И тут она наткнулась на «Атомик масс».
7
Топаз чувствовала себя совершенно несчастной. Все обернулось совсем не так, как она предполагала, в миллионный раз повторяла она себе, промерзнув до мозга костей, съежившись возле уличной жаровни. Нигде на Божьем свете не бывает так холодно, как зимой в Нью-Йорке. Топаз Росси ощутила это на собственной шкуре.
Она пристально вглядывалась в бесконечный поток машин, ползущий по серой слякоти, на мраморный небоскреб на 5-и авеню, из которого никак не выходил Дэвид Левин. Настойчивость, говорила себе Топаз. Настойчивость — это девяносто процентов успеха репортера. Правда, она могла бы сейчас нырнуть в «Рокфеллер-Плаза» и перехватить горячего шоколада с виски и бутерброд, но если поддаться такому соблазну — а только Богу известно, как бы ей хотелось, — то сто процентов против одного: именно в этот момент появится Левин и она потеряет возможность взять интервью у самого популярного на планете киноактера. И прощай работа…

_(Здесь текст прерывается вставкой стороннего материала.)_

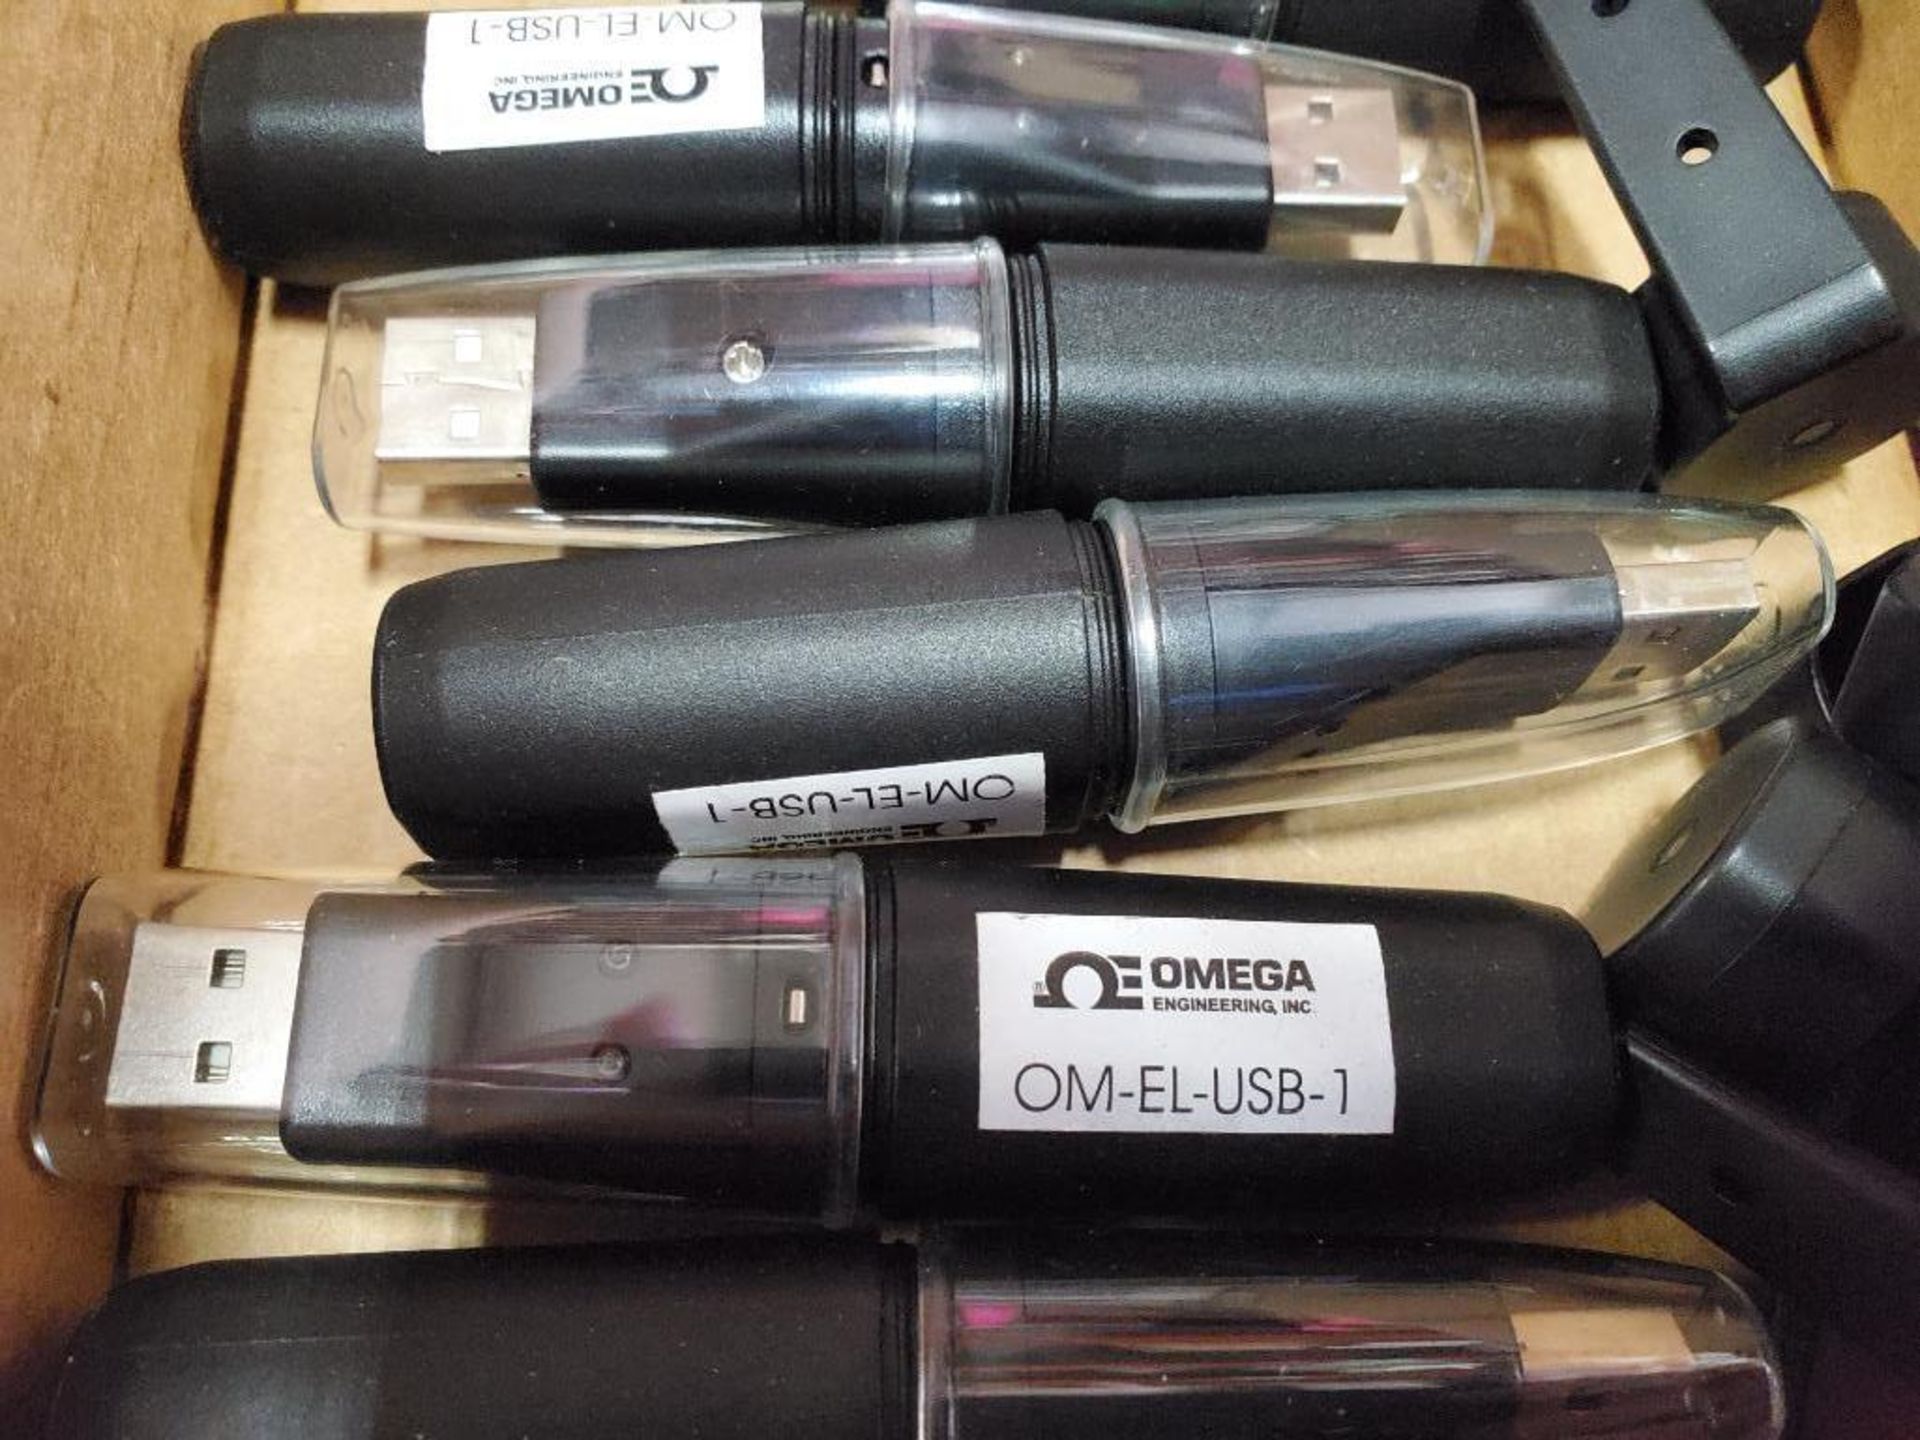 Qty 10 - Omega USB temperature logger. Part number OM-EL-USB-1. - Image 3 of 4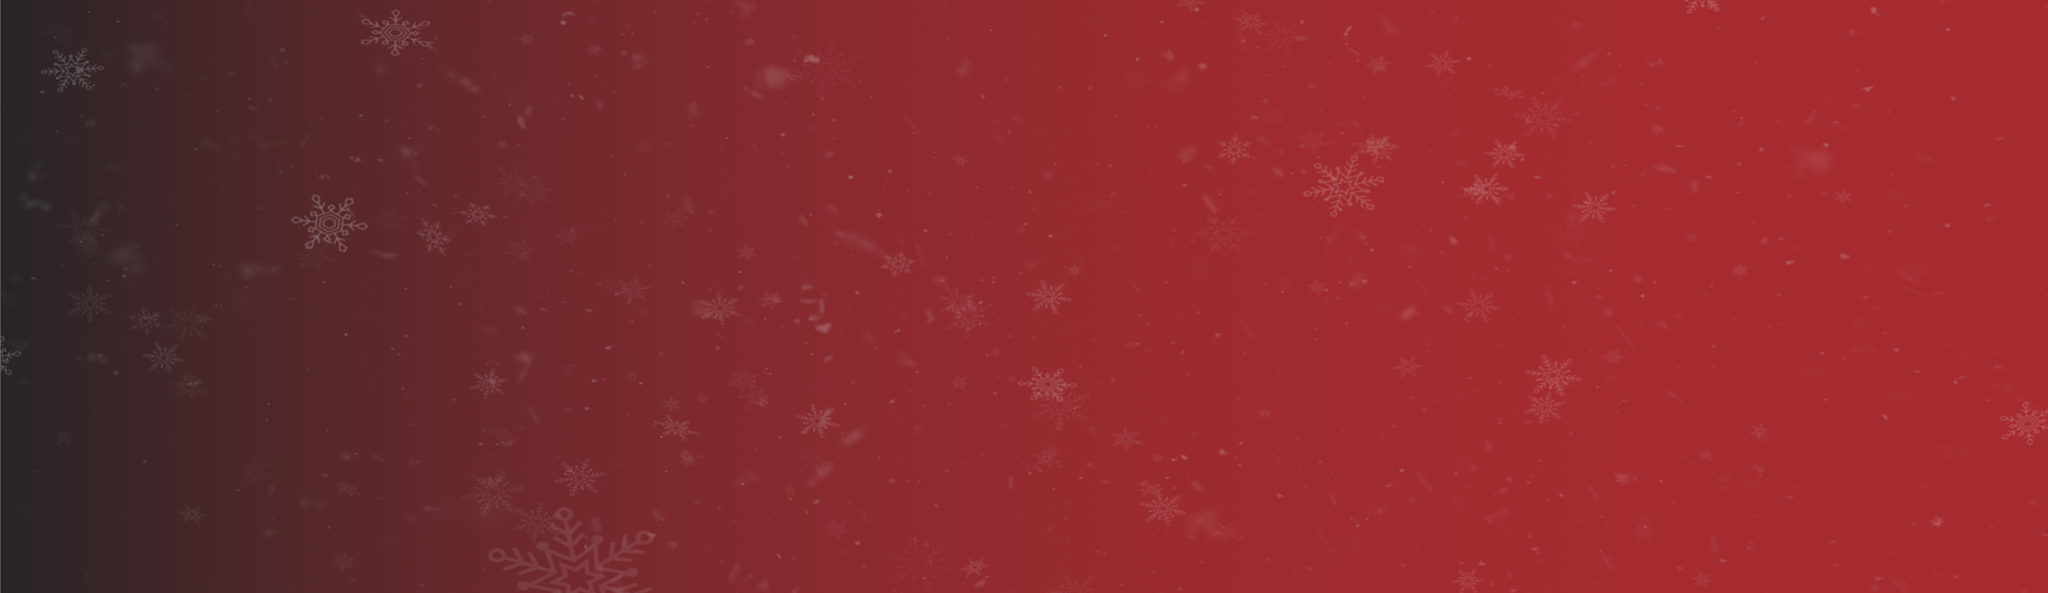 banner background image desktop advent-calendar

Топаз засунула руки в карманы обтягивающих черных джинсов, повторяющих каждый изгиб ее шикарного зада. Она могла чувствовать себя как последнее дерьмо, но умела выглядеть на миллион долларов несмотря на то, что кончики ее ушей от холода повторяли цвет губной помады. Парень, продавец жареных каштанов, то и дело подкидывал угли, чтобы потрясающая девчонка стояла рядом с ним как можно дольше. Может, ему действительно повезет, и она снова потопает ногами, чтобы согреться, и у нее снова все заходит ходуном под шерстяным жакетом, и он увидит кусочек рая прямо здесь, на земле. Он не в первый раз подумал: кого она ждет? Если парня, то ему, черт побери, можно только позавидовать, удачливый, сукин сын!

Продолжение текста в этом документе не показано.